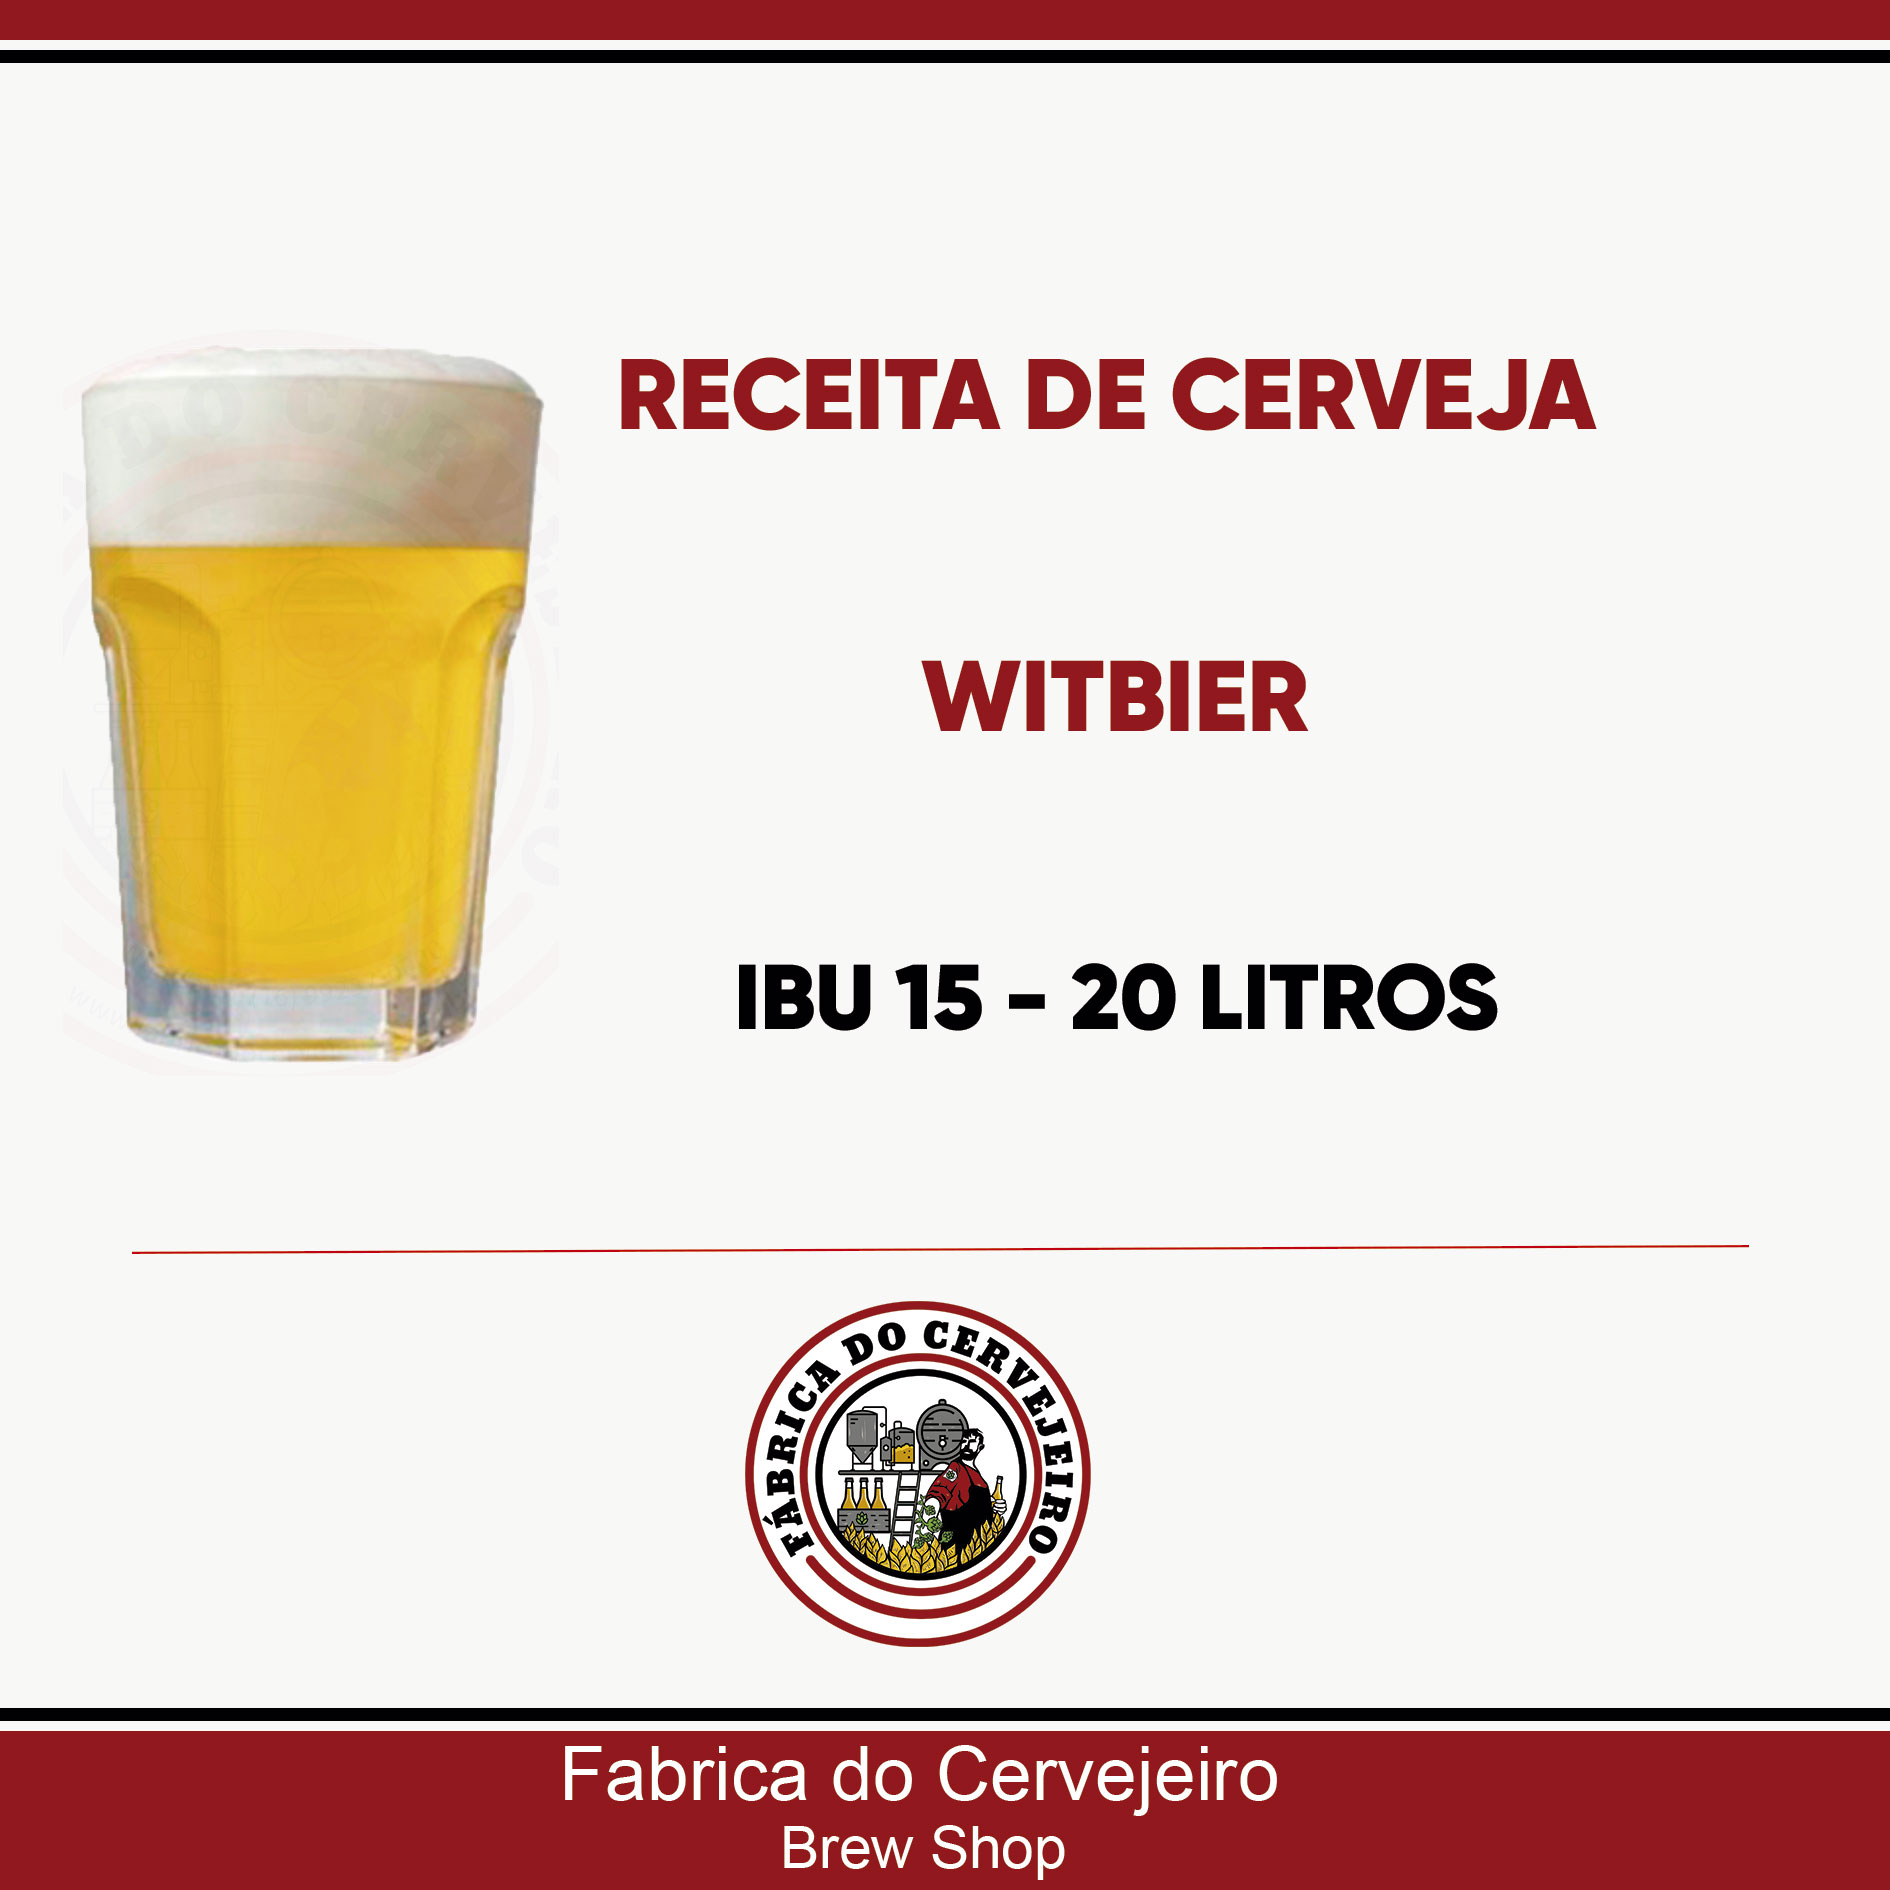 Receita de Witbier 20 Litros
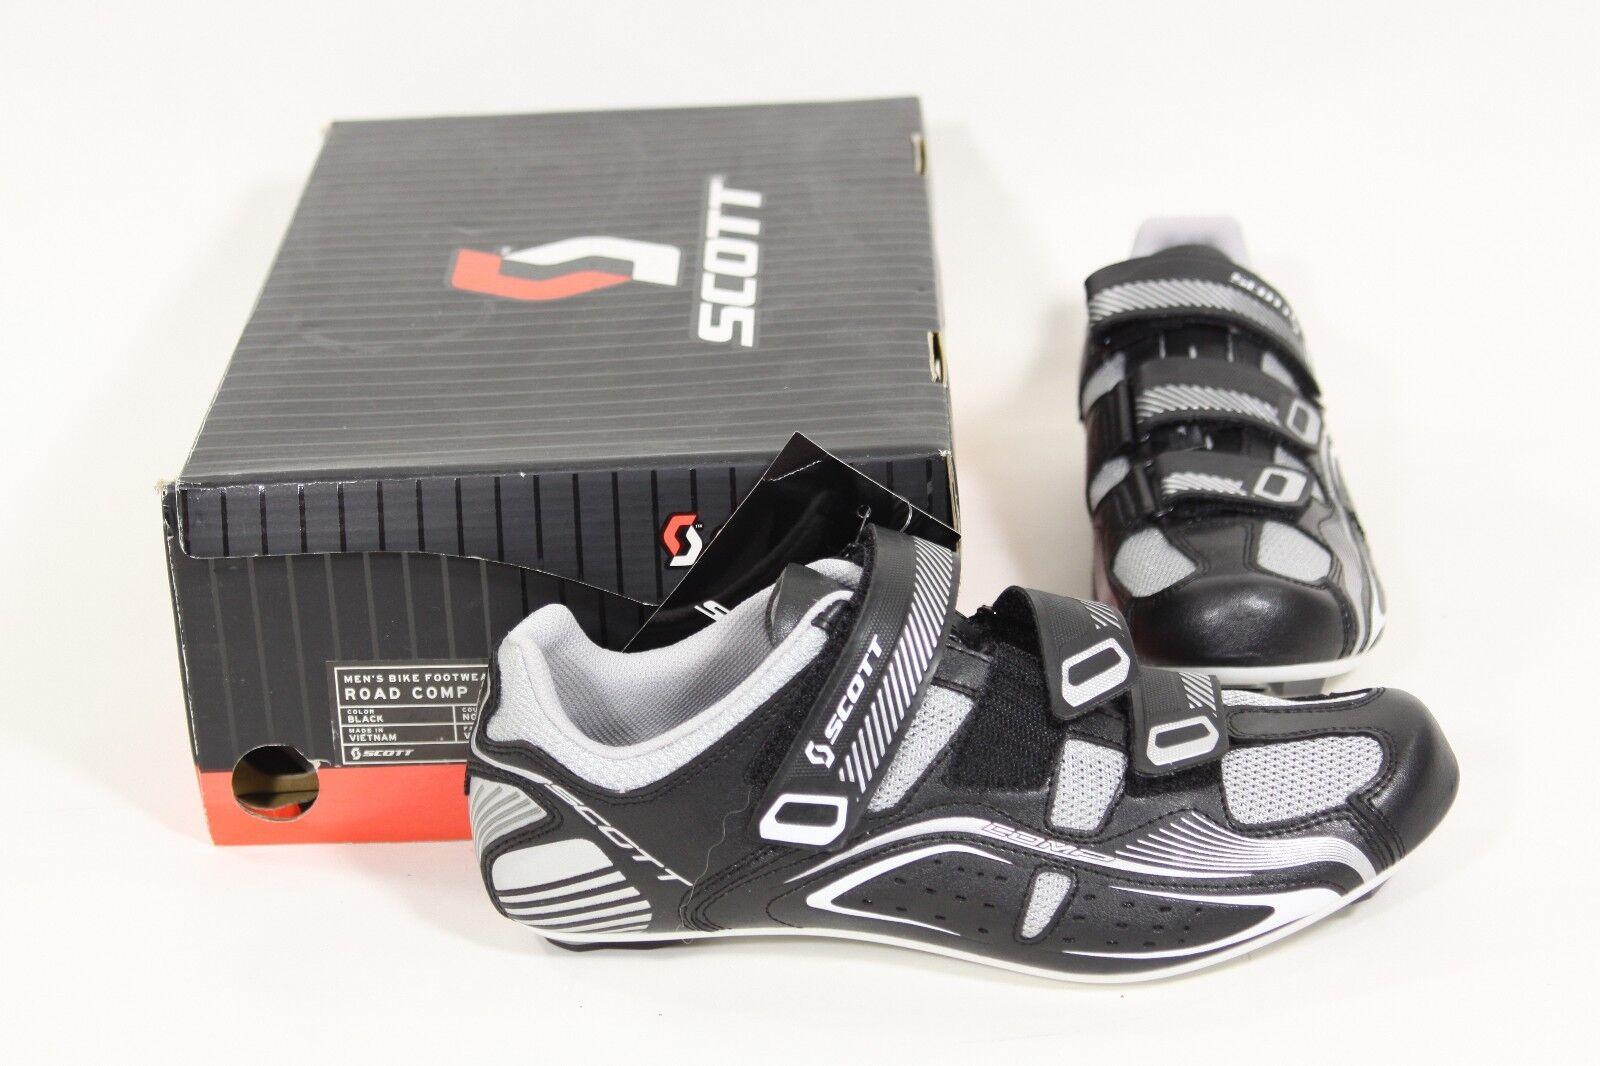 Scott Carretera Compuesta Hombre Bicicleta Zapatos Negros Eu 43 o Us 9.5
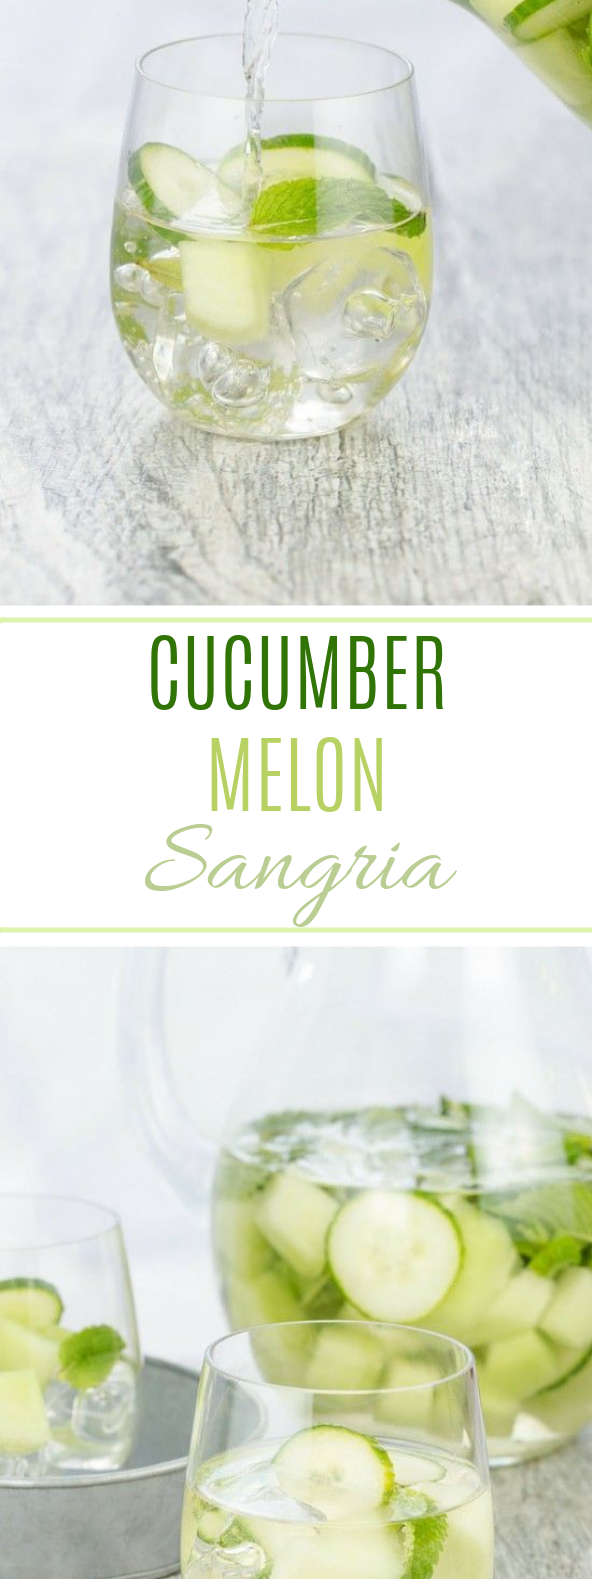 Cucumber Melon Sangria #drinks #summer

#####

YOUR OBJECTIVE:
Could the data above be copied out exactly, with no pictures kept?

PROBLEM SOLUTION:
 Receita de Witbier 20 Litros
 Scott Carretera Compuesta Hombre Bicicleta Zapatos Negros Eu 43 o Us 9.5
 Cucumber Melon Sangria #drinks #summer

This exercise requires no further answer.